BACKGROUND OF THE INVENTION

1. Field of the Invention

The present invention relates to a mobile communication system, more particularly to a system and a method for providing a multimedia streaming service in a mobile communication system.

2. Description of the Related Art

Recently, portable mobile communication terminals such as portable mobile phones and Personal Digital Assistants (PDAs) have been popularized. With the advancement of communication technology, such a mobile communication terminal can provide not only a call function but also a multimedia playback function. The multimedia playback function in the mobile communication terminal can be performed through a Video-On-Demand (VOD) service or by downloading and outputting multimedia contents thereto.

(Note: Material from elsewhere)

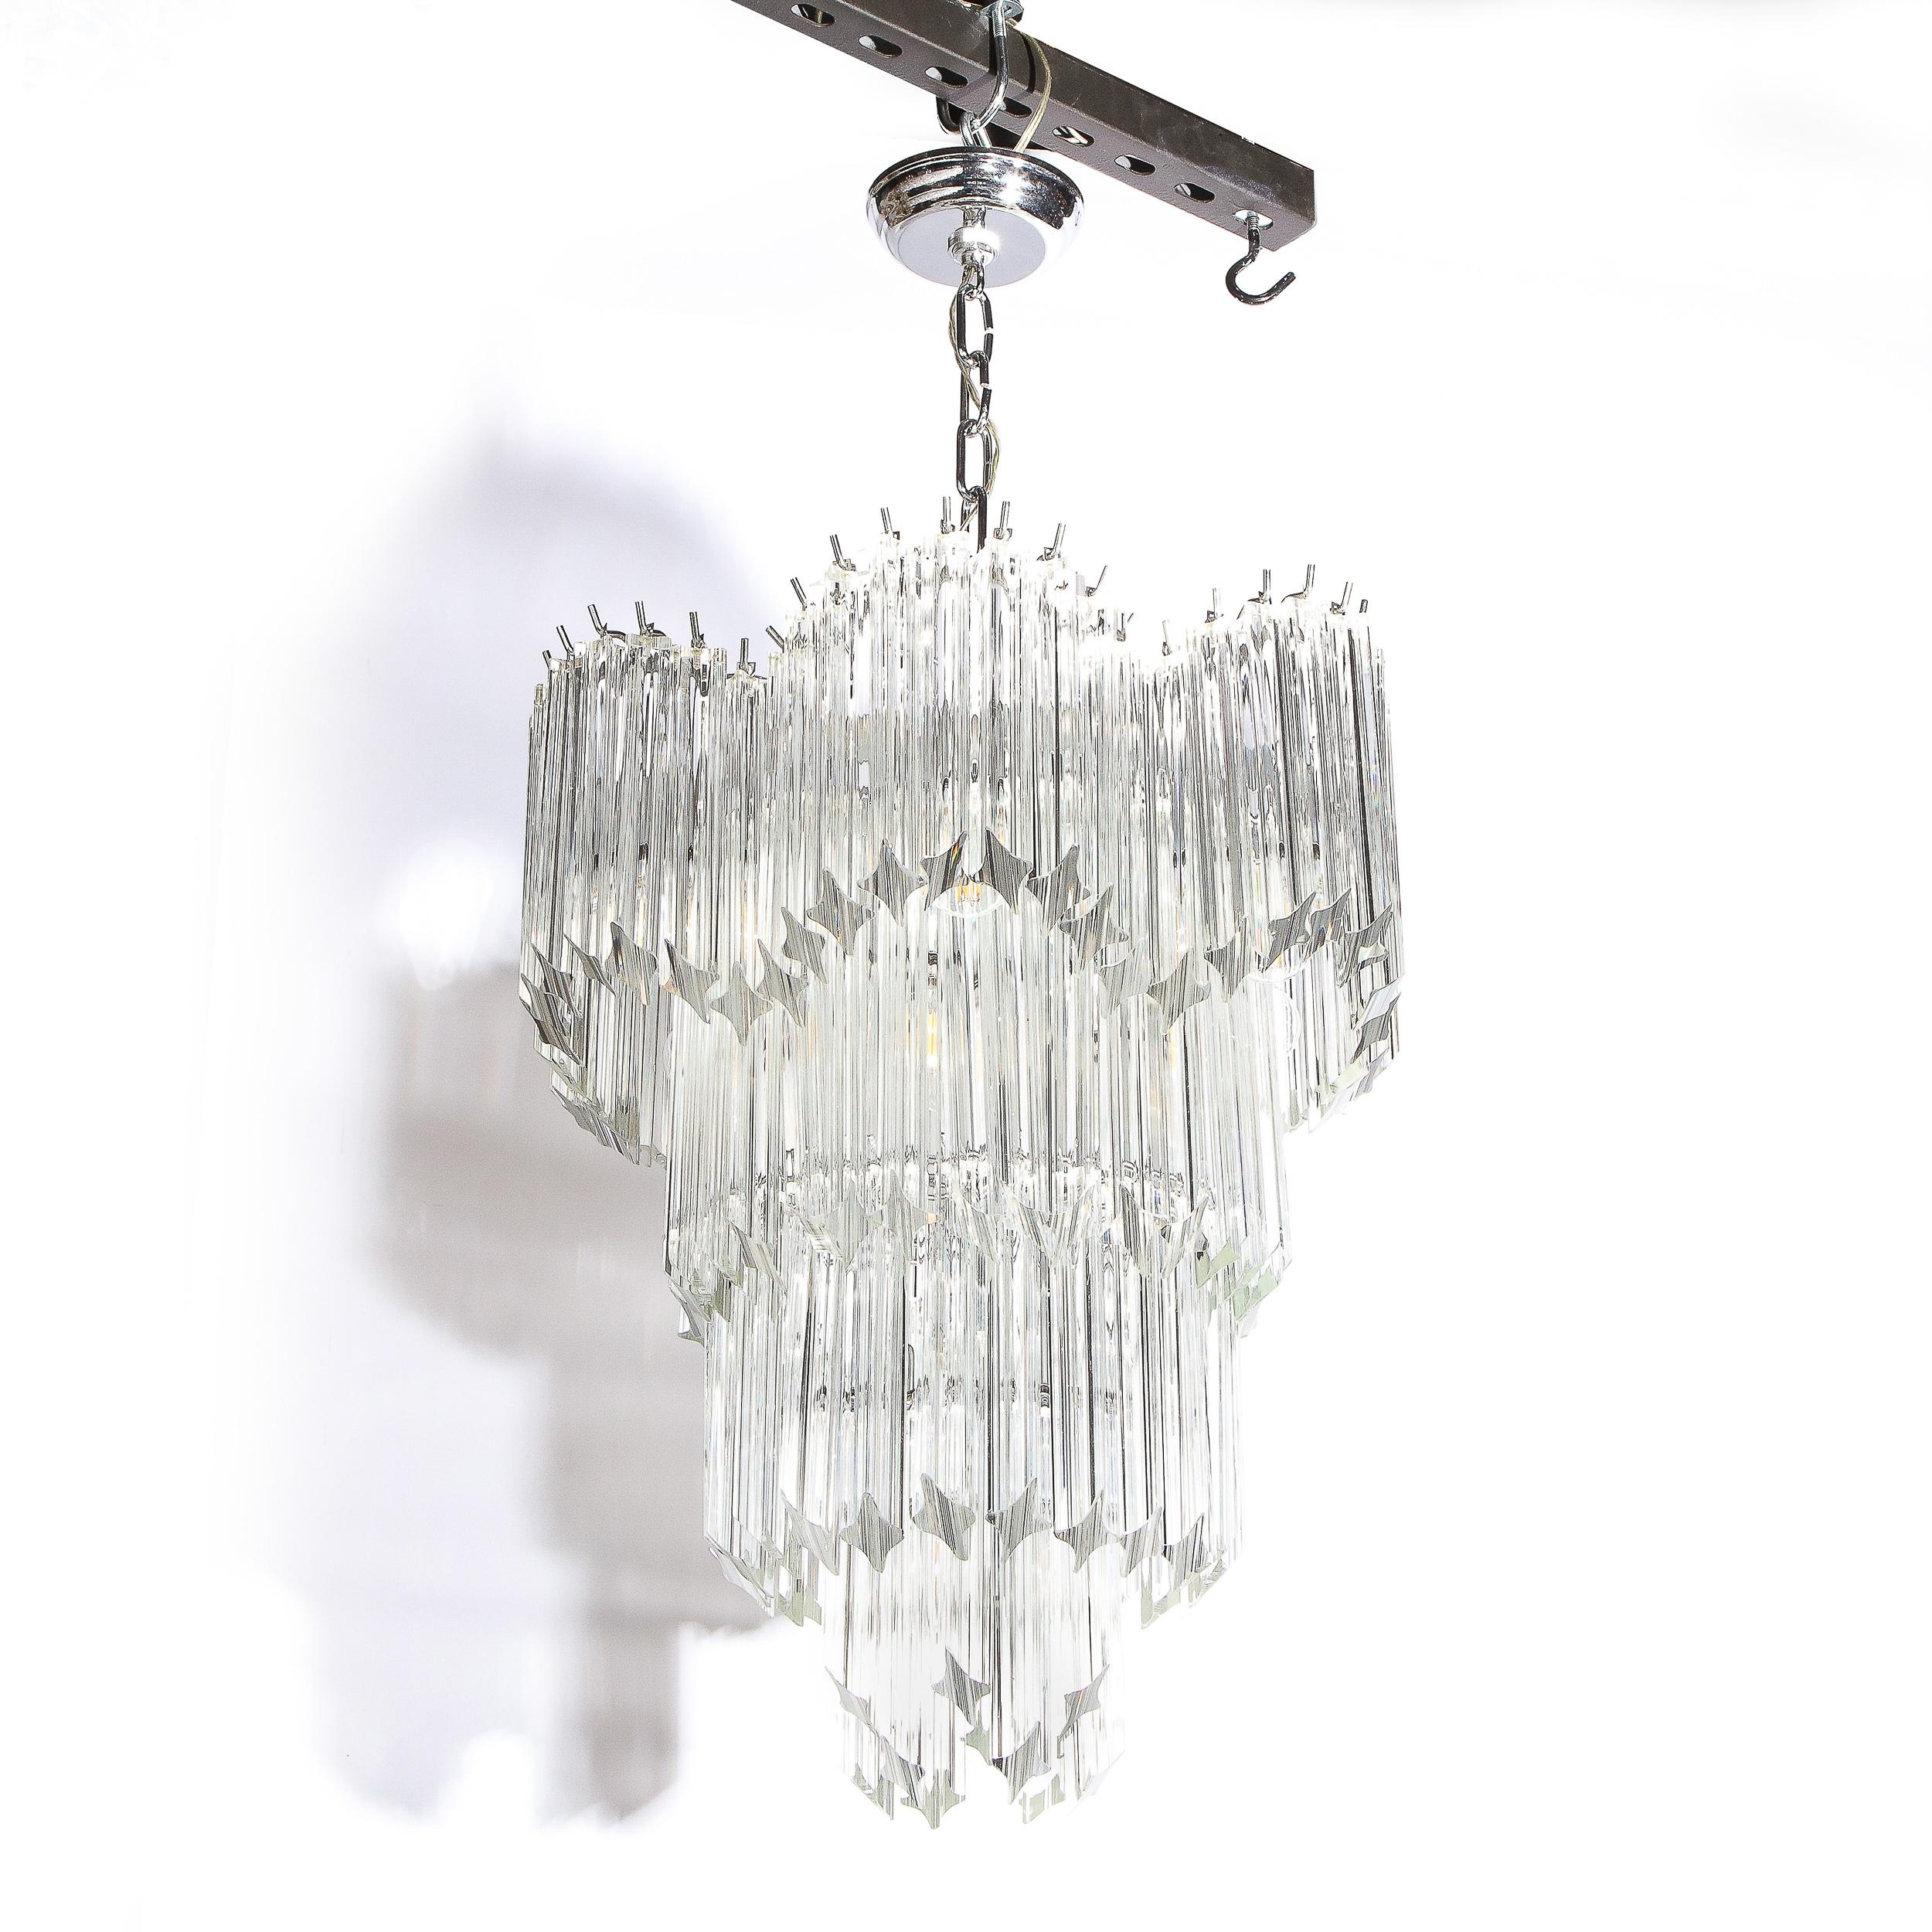 Late 20th Century Mid-Century Modernist Scalloped Four-Tier Cut Triedre Crystal Camer Chandelier For Sale

The VOD service can be realized through streaming. Streaming signifies a technology in which multimedia data including audio/video data are received and transmitted in real-time over the Internet without using a download scheme. Specifically, streaming is not a technology in which information is wholly downloaded at one time, but a technology in which information is continuously received little by little in the unit of a packet (for example, 0.5Mb), just enough to be adequately processed. Therefore, in a case of the streaming scheme, a user need not wait a long time for downloading all the multimedia contents. Also, the streaming need not be applied in strict real-time, and allows a delay as much as a buffering time. At present, IFTE Standards RFC2326 (Real-Time Streaming Protocol) and RFC1889 (Transport Protocol for Real-Time Applications) are generally used for streaming session management and for data packet transmission, respectively. Based on these standards, users can watch movies or dramas through the mobile communication terminals using the VOD service.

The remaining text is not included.